A micro-disc-based multiplex method for monitoring emerging SARS-CoV-2 variants using the molecular diagnostic tool Intelli-OVI

Commun Med (Lond). 2024 Aug 9;4(1):161. doi: 10.1038/s43856-024-00582-z.

Abstract

Background: Highly transmissible viruses including SARS-CoV-2 frequently accumulate novel mutations that are detected via high-throughput sequencing. However, there is a need to develop an alternative rapid and non-expensive approach. Here we developed a novel multiplex DNA detection method Intelli-OVI for analysing existing and novel mutations of SARS-CoV-2.

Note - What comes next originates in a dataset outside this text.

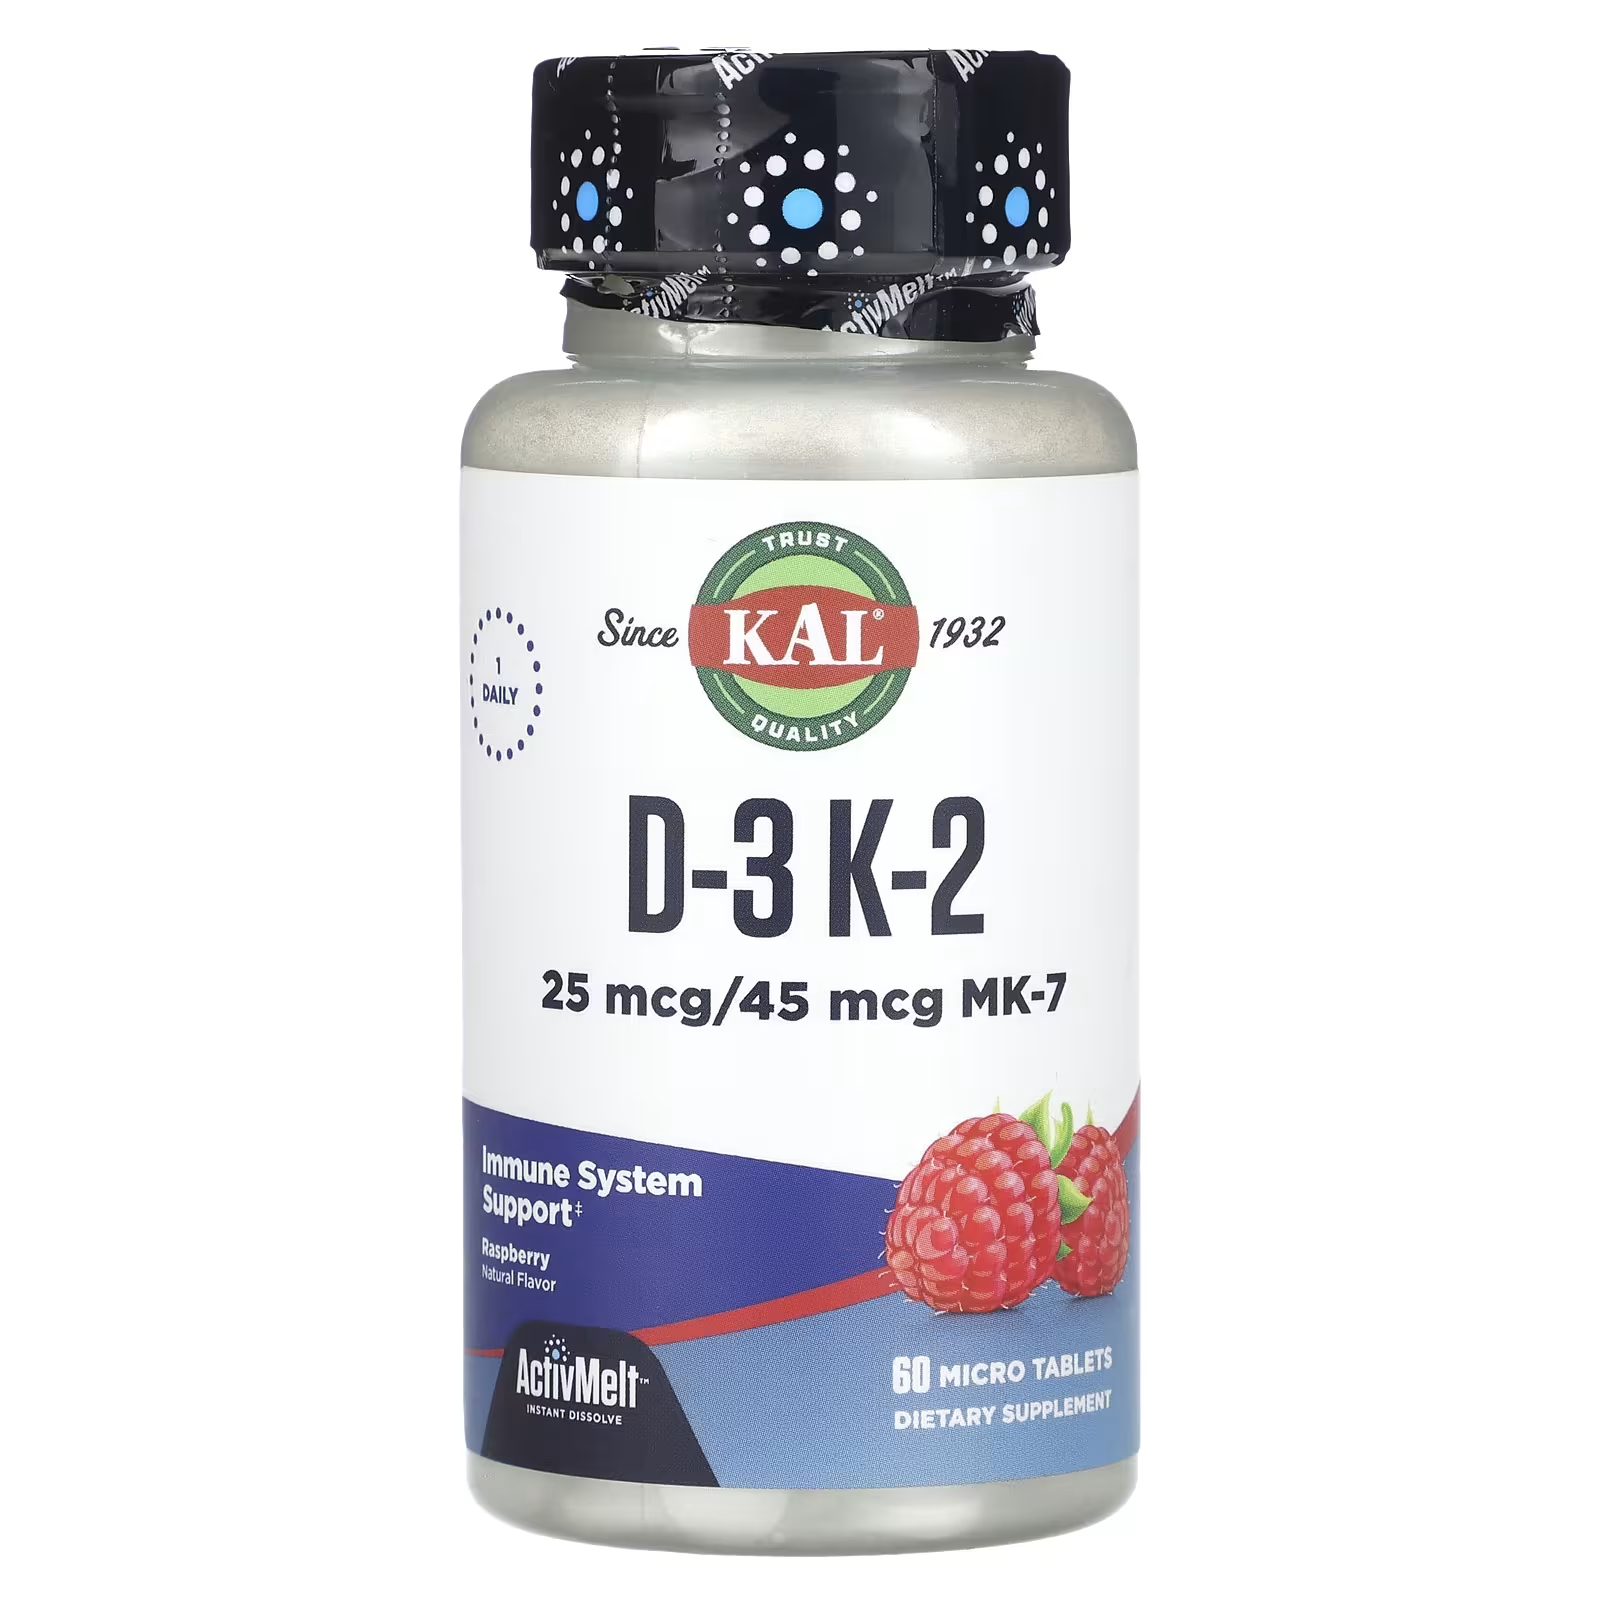 Пищевая добавка Kal D-3 K-2 малина, 60 микротаблеток пищевая добавка kal d 3 k 2 малина 60 микротаблеток

Methods: We have developed Intelli-OVI that includes the micro-disc-based method IntelliPlex and computational algorithms of objective variant identification (OVI). More than 250 SARS-CoV-2 positive samples including wastewater ones were analysed to verify the efficiency of the method.

Results: IntelliPlex uses micro-discs printed with a unique pictorial pattern as a labelling conjugate for DNA probes, and OVI allows simultaneous identification of several variants using multidimensional data obtained by the IntelliPlex method. Importantly, de novo mutations can be identified by decreased signals, which indicates that there is an emergence of de novo variant virus as well as prompts the need to design additional primers and probes. We have upgraded probe panel according to the emergence of new variants and demonstrated that Intelli-OVI efficiently identified more than 20 different SARS-CoV-2 variants by using 35 different probes simultaneously.

Conclusions: Intelli-OVI can be upgraded to keep up with rapidly evolving viruses as we showed in this study using SARS-CoV-2 as an example and may be suitable for other viruses but would need to be validated.

Plain language summary

As the COVID-19 pandemic progresses, it is increasingly becoming important to be able to detect emerging new variants of concerns of SARS-CoV-2, the virus that causes COVID-19, for accurate surveillance and timely interventions. We developed a rapid diagnostic method for detecting multiple SARS-CoV-2 variants and tested it using various starting materials such as sputum, nasopharyngeal swabs and wastewater. The method could accurately detect multiple subvariants of Omicron and showed potential for rapid adaptability to detect the virus as it evolves. This technology could enable continuous monitoring of emerging SARS-CoV-2 variants and the opportunity to intercept transmission with timely interventions to prevent viral spread.